Genie Go does the same thing DVR IS BUSY. it Streams ok ...Its no sling box, but I had 3 Sling box units Go bad in 1st 6months Not sure IF a 3tips to best buy was better or restarting Genie GO.

I not sure if the 34 is setup the right way. Is there any post on how setup should be ? Wireless test out at 6mbps d and 3 up. should be good ?


----------



## woj027 (Sep 3, 2007)

I'm having similar issues. Can't steam away from home. HD DVRcurrently busy ...HTTP/500 orHTTP/400

It would nice to know what it's busy doing. 




Sent from my iPad using DBSTalk


----------



## Laxguy (Dec 2, 2010)

Probably nothing! If the remote device cannot get through the DIRECTV/GenieGo server, you ain't gonna see much.

Mr. Nuzzi: You upload speeds are stupendous, so that's not the problem.....


----------



## woj027 (Sep 3, 2007)

Probably nothing! If the remote device cannot get through the DIRECTV/GenieGo server, you ain't gonna see much.
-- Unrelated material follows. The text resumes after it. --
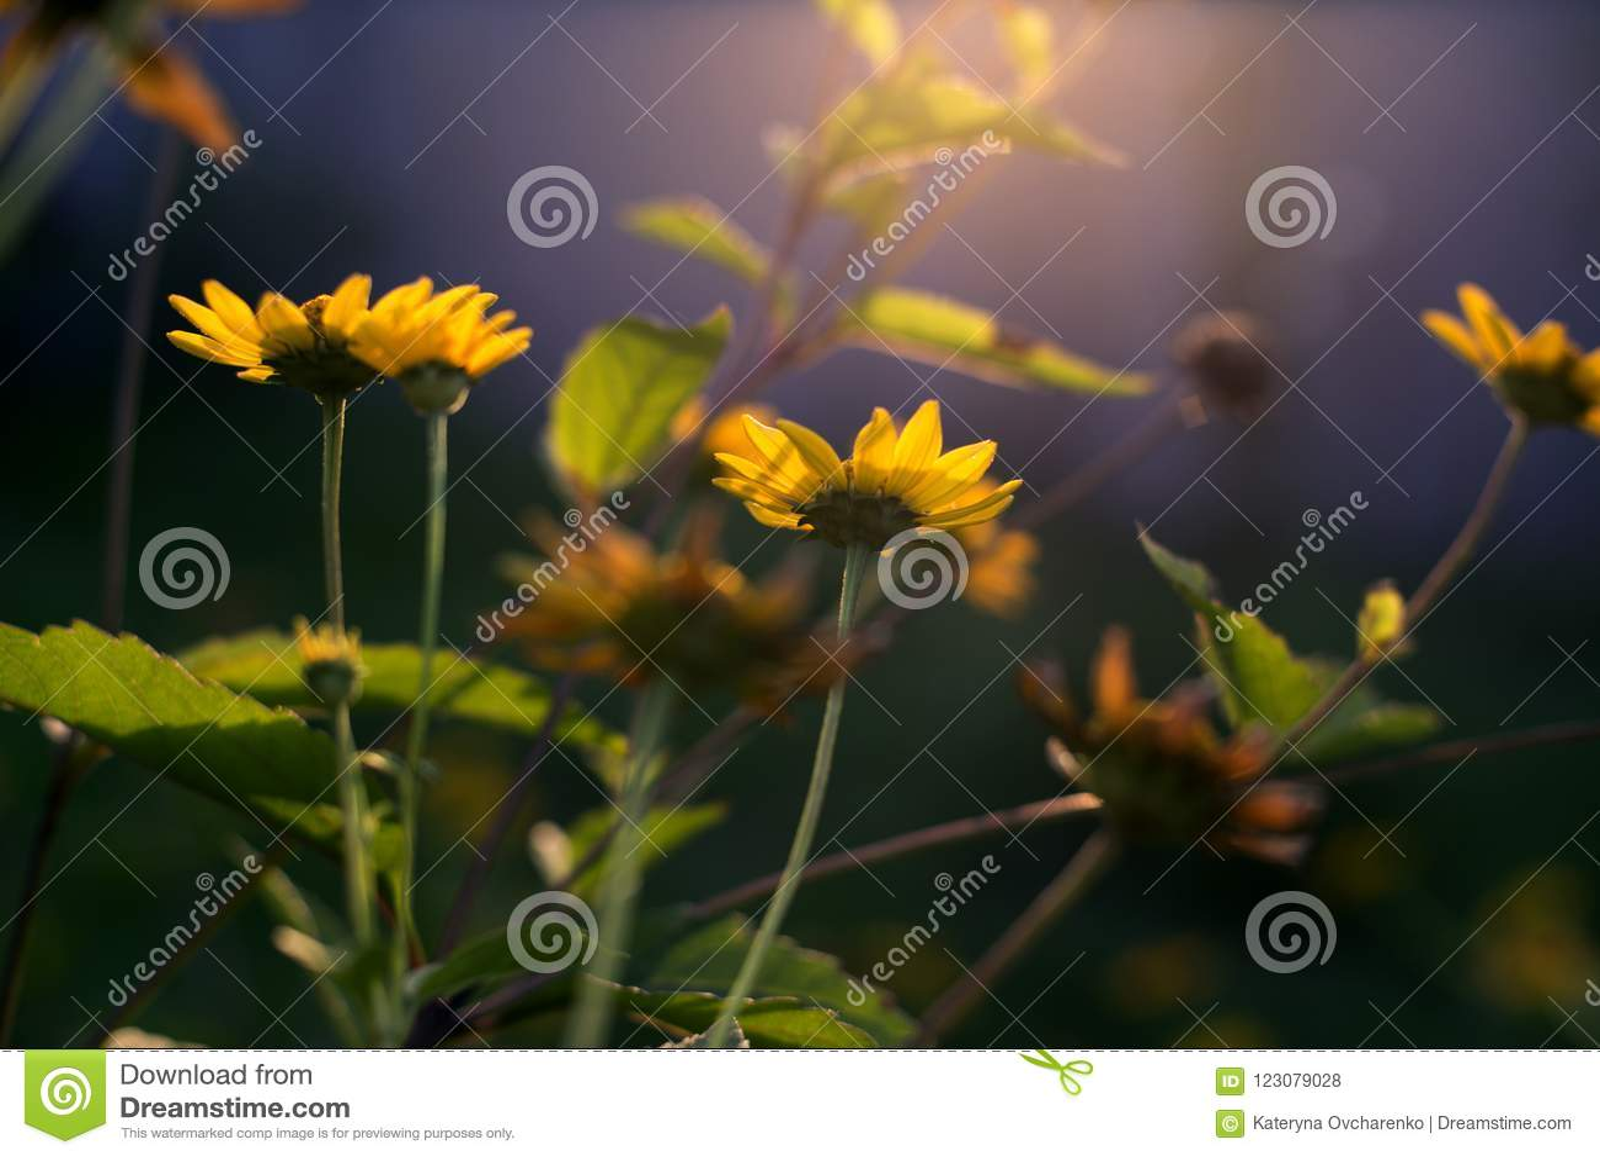 Sunny Yellow Flowers Background Stock Photo Image Of Grow Closeup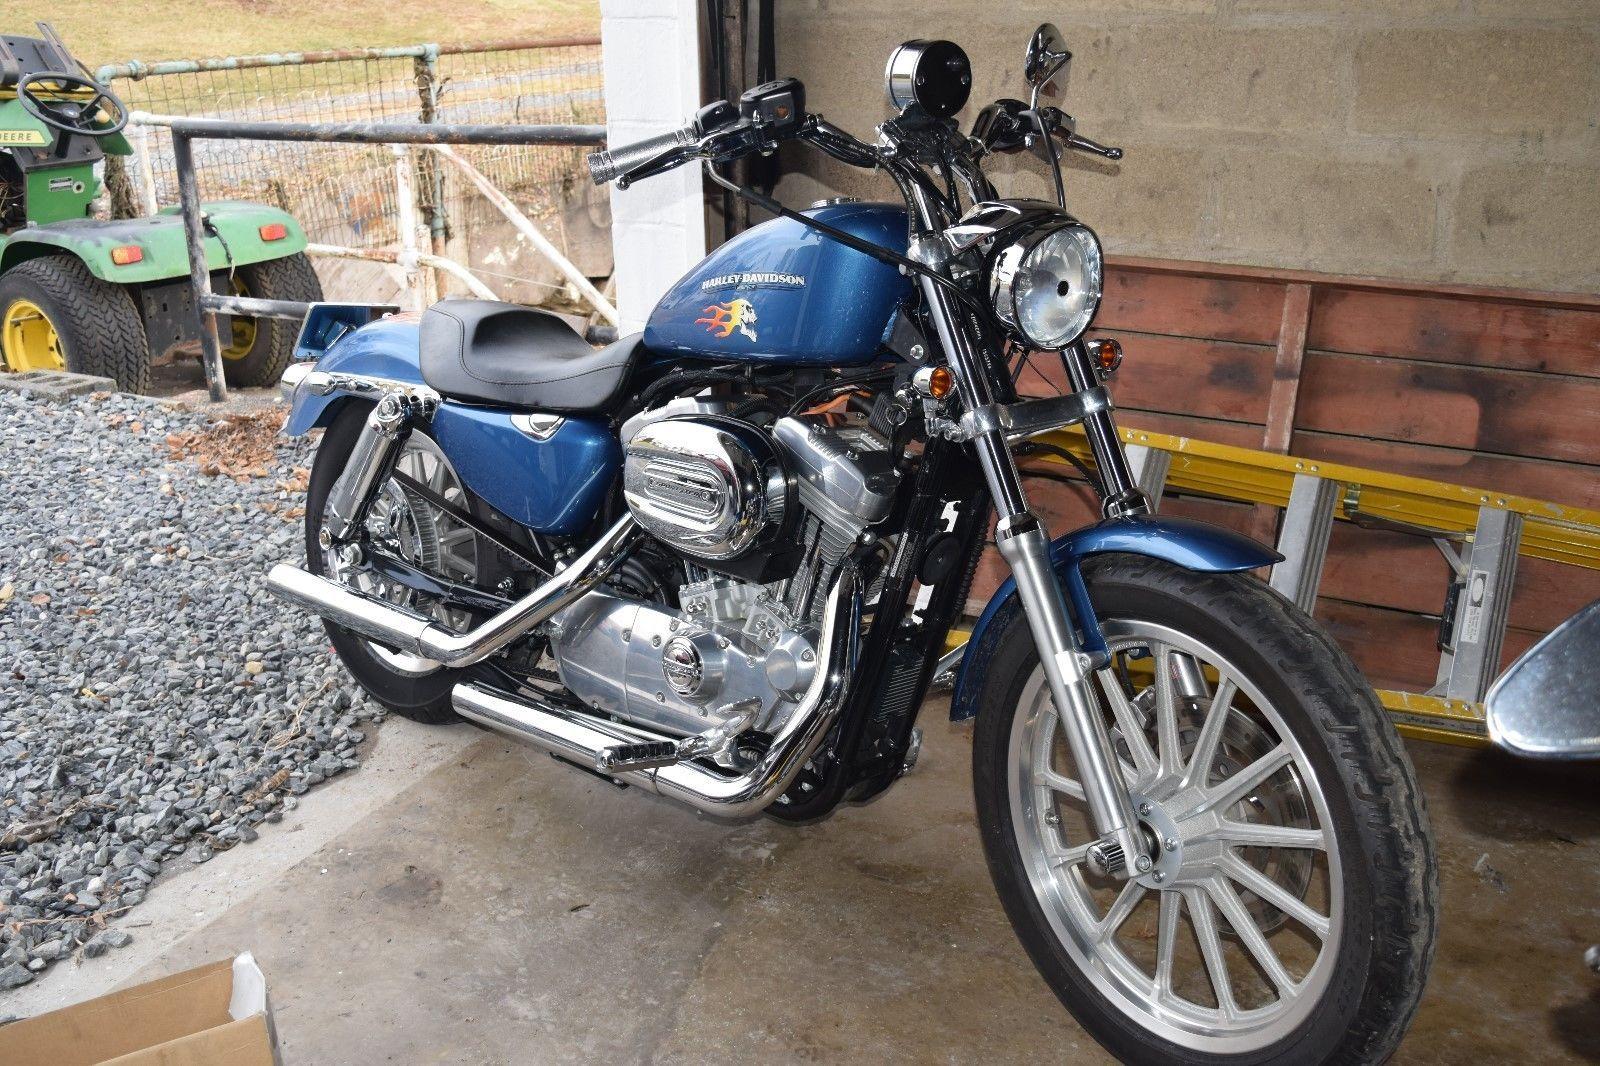 eBay: 2005 Harley-Davidson Sportster 05 HD 883 Low custom

Mr. Nuzzi: You upload speeds are stupendous, so that's not the problem.....


But I was connected to a wi if network. It could see the recorded shows. It acted like it was going to play then the error showed up

I would love to know what the error codes mean. It's frustrating to have something that is supposed to work but doesn't. 


Sent from my iPhone using DBSTalk


----------



## OlderNDirt (Mar 17, 2007)

woj027:

FWIW, we worked on my sister's geniego for 5+ weeks trying to get it to work. OOH would be successfully configured, but would get various errors when OOH; searching for geniego, busy DVR, unable to stream HHTP/200 or 400. Best we could get was 1 to 2 minutes of streaming. Numerous calls with D* case management, ISP, or router mfg. with no success. Being in a small, rural town, we finally changed ISP. Geniego setup automatically and has worked virtually flawlessly since. Best I can figure is that there was some limitation or deficiency in her ISP's infrastructure that was causing the problem. Yes, it was a big step and a bit of a gamble, but have to wonder if we would have ever got it to work with the first ISP. Obviously, I would not recommend this as a first or early "fix", but keep it in mind as you eliminate other possibilities.

Good luck in your efforts and don't give up.


----------



## woj027 (Sep 3, 2007)

thanks. We have comcast internet but you never know.


----------